▶ Assignment:
Retrieve every line from the records in which the word "this" occurs.

▶ The data:
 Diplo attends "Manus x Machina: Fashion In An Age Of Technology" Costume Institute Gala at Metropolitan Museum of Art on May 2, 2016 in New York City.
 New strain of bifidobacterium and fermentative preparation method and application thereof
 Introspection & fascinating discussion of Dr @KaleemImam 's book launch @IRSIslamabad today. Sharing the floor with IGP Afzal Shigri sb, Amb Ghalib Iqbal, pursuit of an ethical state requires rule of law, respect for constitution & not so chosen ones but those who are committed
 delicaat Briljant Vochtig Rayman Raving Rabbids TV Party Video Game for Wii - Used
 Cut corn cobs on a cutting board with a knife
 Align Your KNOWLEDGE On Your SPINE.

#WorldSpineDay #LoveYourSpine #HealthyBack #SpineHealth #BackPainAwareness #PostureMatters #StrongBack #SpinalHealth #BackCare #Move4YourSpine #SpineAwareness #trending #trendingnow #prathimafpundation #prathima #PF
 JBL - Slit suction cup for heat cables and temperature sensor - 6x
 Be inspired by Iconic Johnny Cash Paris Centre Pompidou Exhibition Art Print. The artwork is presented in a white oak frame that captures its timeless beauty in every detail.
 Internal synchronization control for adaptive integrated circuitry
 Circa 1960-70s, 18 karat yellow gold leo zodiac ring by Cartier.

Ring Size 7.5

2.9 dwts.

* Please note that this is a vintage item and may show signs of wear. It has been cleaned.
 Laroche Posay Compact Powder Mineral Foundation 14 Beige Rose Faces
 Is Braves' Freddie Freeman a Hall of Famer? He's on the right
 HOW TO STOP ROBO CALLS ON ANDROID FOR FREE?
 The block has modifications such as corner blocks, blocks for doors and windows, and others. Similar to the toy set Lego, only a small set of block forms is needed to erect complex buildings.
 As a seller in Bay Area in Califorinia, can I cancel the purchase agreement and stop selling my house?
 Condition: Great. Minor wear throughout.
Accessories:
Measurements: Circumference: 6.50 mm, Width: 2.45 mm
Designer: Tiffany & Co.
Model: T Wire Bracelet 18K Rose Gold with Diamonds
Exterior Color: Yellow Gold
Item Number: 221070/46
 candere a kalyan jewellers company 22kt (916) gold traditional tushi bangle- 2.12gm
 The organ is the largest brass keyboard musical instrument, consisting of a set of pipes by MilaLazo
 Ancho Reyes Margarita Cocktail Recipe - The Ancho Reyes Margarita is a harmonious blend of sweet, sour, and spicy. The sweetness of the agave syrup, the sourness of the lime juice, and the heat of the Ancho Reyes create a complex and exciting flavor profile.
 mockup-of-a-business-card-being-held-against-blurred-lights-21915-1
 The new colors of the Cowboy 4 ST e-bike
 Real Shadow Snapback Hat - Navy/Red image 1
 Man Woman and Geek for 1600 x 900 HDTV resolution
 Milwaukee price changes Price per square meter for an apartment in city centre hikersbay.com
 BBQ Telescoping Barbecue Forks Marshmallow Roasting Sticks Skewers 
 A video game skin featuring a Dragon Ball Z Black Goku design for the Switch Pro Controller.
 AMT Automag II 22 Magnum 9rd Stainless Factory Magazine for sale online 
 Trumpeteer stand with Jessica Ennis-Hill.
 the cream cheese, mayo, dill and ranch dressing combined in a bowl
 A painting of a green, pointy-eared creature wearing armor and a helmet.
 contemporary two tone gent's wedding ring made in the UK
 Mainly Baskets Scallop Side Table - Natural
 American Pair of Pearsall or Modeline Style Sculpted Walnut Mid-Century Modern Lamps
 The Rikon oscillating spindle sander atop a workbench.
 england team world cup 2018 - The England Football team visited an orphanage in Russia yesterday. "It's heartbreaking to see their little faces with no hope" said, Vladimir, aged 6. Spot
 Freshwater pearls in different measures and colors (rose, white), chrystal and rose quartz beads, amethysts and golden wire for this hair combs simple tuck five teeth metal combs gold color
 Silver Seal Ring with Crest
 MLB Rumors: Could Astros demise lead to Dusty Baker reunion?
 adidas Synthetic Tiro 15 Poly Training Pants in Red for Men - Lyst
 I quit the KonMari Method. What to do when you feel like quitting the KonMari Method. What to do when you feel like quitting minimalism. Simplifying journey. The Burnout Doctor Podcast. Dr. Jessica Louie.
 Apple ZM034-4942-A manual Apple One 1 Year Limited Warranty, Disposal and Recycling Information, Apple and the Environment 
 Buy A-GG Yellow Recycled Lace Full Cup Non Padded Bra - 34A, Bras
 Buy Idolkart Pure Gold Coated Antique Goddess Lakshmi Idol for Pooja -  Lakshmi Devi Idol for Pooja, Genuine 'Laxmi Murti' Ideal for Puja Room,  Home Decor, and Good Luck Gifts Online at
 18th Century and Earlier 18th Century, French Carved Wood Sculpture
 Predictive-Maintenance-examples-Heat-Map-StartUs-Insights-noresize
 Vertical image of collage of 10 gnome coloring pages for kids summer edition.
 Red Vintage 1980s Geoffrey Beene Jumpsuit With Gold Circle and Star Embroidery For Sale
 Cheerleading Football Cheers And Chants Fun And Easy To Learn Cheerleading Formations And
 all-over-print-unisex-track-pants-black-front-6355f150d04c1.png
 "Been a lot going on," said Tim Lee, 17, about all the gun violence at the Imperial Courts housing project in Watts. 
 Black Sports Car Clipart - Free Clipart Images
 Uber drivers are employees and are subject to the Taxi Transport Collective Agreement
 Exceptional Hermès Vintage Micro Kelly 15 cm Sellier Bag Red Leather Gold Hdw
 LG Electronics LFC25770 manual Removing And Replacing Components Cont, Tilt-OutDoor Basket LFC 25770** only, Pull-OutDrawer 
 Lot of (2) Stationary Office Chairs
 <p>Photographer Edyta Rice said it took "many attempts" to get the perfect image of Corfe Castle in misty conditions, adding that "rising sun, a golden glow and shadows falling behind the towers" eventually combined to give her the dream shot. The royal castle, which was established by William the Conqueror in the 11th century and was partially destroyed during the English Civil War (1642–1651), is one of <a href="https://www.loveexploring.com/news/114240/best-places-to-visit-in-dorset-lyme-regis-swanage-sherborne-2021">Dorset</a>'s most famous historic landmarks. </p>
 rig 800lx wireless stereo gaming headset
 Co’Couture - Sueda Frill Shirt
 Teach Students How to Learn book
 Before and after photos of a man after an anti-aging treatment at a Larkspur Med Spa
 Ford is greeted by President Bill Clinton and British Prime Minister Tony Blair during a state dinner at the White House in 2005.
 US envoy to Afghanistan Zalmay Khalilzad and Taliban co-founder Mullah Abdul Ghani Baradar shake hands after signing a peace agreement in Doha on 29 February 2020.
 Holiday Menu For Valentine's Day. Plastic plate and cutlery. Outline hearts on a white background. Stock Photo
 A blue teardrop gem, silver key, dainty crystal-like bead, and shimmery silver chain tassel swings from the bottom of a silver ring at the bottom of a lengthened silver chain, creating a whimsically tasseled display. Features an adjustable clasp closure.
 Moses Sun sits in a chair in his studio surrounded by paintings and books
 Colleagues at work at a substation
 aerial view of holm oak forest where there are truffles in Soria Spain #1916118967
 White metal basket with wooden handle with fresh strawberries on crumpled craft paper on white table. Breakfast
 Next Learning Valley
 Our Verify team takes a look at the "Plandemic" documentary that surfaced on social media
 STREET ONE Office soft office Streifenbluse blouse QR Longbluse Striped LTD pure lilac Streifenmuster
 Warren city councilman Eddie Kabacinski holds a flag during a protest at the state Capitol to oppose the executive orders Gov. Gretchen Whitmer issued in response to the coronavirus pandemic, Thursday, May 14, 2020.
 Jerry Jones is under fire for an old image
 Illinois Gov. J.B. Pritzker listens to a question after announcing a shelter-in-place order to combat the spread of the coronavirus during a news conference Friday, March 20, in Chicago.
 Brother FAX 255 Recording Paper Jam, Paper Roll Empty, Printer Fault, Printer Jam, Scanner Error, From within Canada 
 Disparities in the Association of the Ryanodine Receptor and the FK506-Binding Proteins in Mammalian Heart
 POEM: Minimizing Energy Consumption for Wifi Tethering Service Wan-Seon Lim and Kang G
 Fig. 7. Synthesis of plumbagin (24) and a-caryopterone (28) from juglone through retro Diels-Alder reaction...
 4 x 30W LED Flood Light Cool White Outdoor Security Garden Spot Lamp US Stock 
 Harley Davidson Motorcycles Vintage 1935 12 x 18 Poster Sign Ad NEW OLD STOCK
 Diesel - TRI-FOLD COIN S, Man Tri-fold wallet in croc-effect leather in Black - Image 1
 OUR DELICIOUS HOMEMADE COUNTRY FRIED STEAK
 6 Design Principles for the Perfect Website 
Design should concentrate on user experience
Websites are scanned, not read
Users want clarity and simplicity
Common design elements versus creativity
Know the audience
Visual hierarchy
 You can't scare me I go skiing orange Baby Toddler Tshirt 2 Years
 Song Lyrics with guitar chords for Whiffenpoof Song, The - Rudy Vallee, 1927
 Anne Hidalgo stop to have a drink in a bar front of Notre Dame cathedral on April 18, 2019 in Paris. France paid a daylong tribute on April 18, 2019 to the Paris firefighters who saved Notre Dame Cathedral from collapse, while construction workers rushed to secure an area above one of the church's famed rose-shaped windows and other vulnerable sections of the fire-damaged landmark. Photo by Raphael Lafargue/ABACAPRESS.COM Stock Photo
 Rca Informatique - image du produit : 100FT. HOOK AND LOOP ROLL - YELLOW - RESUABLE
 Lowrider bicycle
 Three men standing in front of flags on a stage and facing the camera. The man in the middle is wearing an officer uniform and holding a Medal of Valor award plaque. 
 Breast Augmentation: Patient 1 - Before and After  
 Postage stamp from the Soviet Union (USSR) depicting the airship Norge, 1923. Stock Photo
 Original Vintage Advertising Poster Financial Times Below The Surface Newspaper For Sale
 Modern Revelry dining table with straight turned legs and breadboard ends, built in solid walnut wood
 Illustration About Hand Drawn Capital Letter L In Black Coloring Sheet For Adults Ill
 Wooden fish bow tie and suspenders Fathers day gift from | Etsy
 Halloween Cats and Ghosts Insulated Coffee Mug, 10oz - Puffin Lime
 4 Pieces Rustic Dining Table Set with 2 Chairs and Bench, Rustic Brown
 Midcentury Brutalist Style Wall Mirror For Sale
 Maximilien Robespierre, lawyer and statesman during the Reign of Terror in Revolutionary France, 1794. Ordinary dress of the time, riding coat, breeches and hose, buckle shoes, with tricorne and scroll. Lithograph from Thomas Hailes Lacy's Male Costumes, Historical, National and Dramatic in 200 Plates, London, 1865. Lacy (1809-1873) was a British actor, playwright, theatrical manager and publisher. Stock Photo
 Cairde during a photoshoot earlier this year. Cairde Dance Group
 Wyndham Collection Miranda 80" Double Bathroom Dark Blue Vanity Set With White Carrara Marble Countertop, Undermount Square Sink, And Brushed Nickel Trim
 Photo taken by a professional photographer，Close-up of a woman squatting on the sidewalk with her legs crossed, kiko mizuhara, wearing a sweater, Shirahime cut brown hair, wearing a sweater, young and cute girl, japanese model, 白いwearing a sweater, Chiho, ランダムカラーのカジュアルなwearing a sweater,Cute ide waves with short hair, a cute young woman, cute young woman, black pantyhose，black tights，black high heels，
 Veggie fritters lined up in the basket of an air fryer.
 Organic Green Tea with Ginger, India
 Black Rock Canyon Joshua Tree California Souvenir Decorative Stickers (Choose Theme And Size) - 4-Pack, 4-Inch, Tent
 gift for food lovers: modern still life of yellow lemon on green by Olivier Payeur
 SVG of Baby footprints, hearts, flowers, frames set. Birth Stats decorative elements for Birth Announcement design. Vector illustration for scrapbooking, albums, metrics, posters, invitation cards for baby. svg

▶ Output:
* Please note that this is a vintage item and may show signs of wear. It has been cleaned.
 Freshwater pearls in different measures and colors (rose, white), chrystal and rose quartz beads, amethysts and golden wire for this hair combs simple tuck five teeth metal combs gold color
 Cairde during a photoshoot earlier this year. Cairde Dance Group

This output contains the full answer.